The truthful answer is that no one has a good explanation for the huge price moves. There is talk of short-covering, psychologically important levels for the so-called market technicians and put options reaching payout points, but none can be proven.

Fundamentals certainly don’t provide an explanation, because the big news was that inflation was coming in hotter than expected, pushing up bond yields and initially hitting stock prices.

“It’s interesting that a piece of news that we would think is a crystal-clear negative turned out to be positive,” says

Russell Napier,

a market strategist and keeper of Edinburgh’s Library of Mistakes, a collection dedicated to market errors. “That’s telling us something—we just have to work out what.”

Viewed in hindsight, the large intraday bounces during the pandemic were a sign that the market just wanted to go up. Investors were deeply pessimistic, so anyone who was likely to sell already had; when buyers stepped in, they overwhelmed the remaining sellers.

Investors are again deeply pessimistic. At the same time, the size of the fall in prices has many actively discussing when it might be time to buy, with the S&P down 26.7% at Thursday’s low since the start of the year. The combination of the pessimism and the willingness to buy raises the likelihood that the market starts going up again before it becomes clear that the Federal Reserve’s rate increases—the most obvious threat to stock prices—are done.

Even bond investors are beginning to argue that the rise in bond yields makes them a good value despite the threat of more rate rises on the way.

In this way of telling it, someone thought Thursday’s fall meant prices were down enough to start buying. Once prices started to rise, others who had been waiting for a low worried that they might miss out, and piled in, some perhaps because of technical factors, aka, lines on charts, others to lock in a profit on put options or short bets that make money when prices fall.

It’s a plausible story.

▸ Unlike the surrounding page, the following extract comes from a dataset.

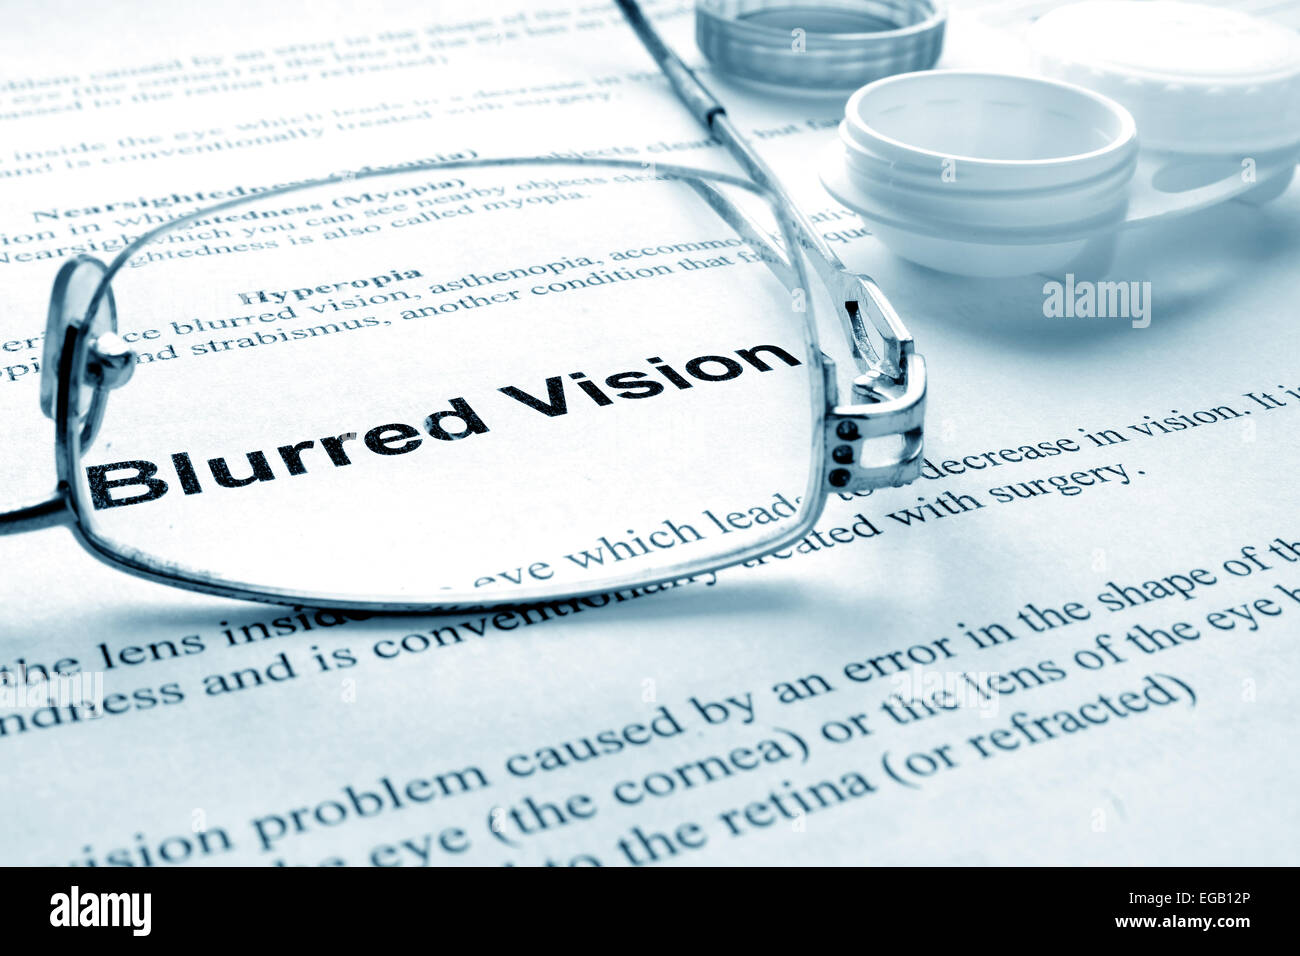 Paper with words  blurred vision, glasses and container for lenses. Eye disorders. Selective focus. Stock Photo
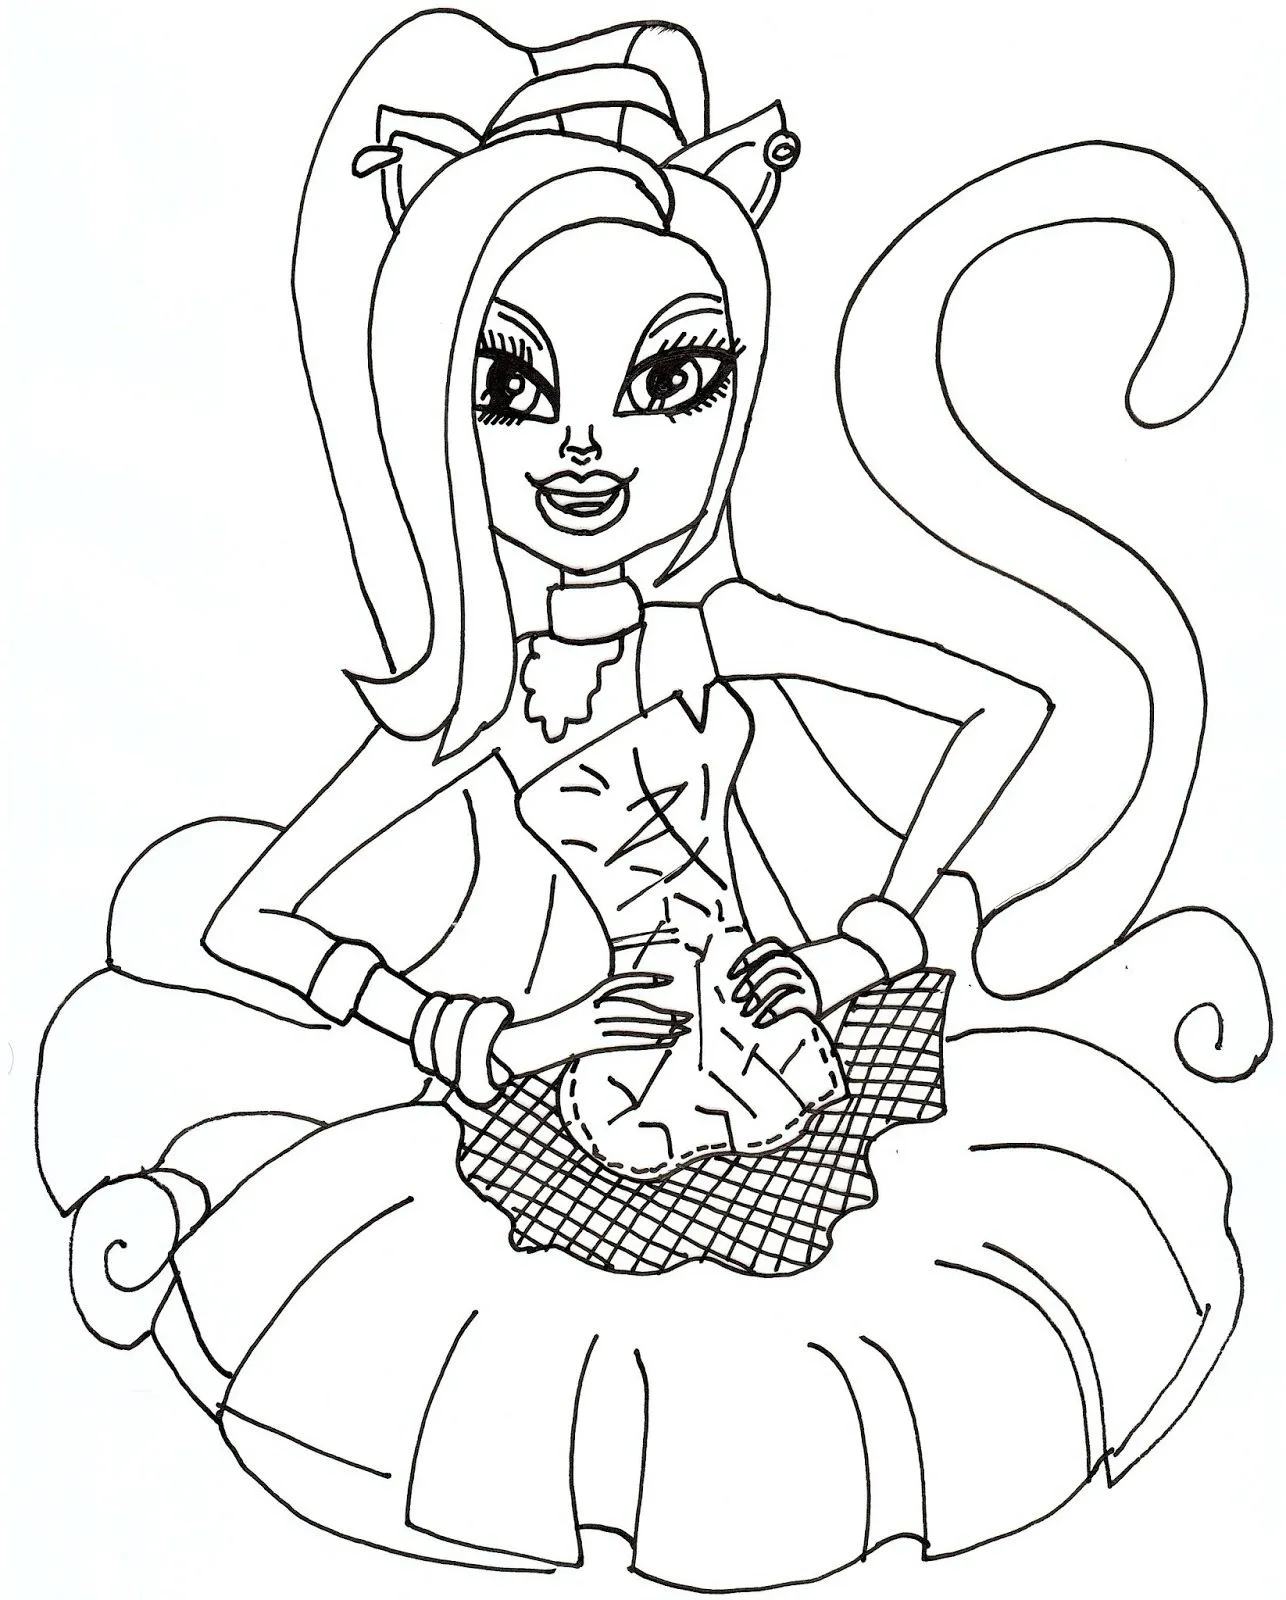 Free Printable Monster High Coloring Pages: May 2013

But go back through history and you’ll see that similar intraday rallies didn’t often mark the low, and tended to miss the true bottom by many months.

Since 1990, the biggest days with intraday rebounds after a fall came amid the turmoil that followed Lehman Brothers’ collapse in 2008. They were followed by large bear-market rallies that fizzled out. Investors who bought and held at that point would have regretted it by the time the low came in March 2009.

There were similar temporary but large rallies after the big intraday jumps in October 1997, August 1998, April 2000, January 2001, July 2002, May 2010 and August 2011 (the last a brief burst of optimism shortly after the downgrade of the U.S. credit rating).

The bad news: Out of all similarly large intraday rebounds since 1990 at least as large as Thursday’s, only two—those of March 2020 and October 1997—were sustained. The others lasted a maximum of three months before making new lows.

The good news: Except in the 2001 and 2008 cases, the new lows weren’t much below the low reached on the day with the big bounce.

Maybe huge gains amid a mood of deep gloom tell us we are getting close to lows, even if it tends to work out badly the first time. If you think we’ll have a soft enough economic landing for earnings to rise next year by at least the 7.9% forecast by Wall Street analysts, stocks look reasonably cheap at about 16 times forward earnings. That’s down from an overpriced 22 times at the start of the year.

SHARE YOUR THOUGHTS

What do you think explains last week’s stock market rally? Join the conversation below.

My concern remains that there is a high chance the economy weakens next year and earnings come in worse than expected. The lagged impact of tighter monetary policy will hit hard. Europe faces recession combined with the risk of energy shortages if the winter is cold. Geopolitics are grim, while China remains committed to its economy-crushing zero-Covid policy.

Stock prices have come down a lot, so it is possible investors are anticipating all this bad stuff. Personally, I doubt it and expect this to be merely another bear market rally. But there is no denying that we’re closer to the bottom than we were, so it isn’t surprising that investors are again trying to work out when to buy, rather than when to sell. Eventually they’ll be right.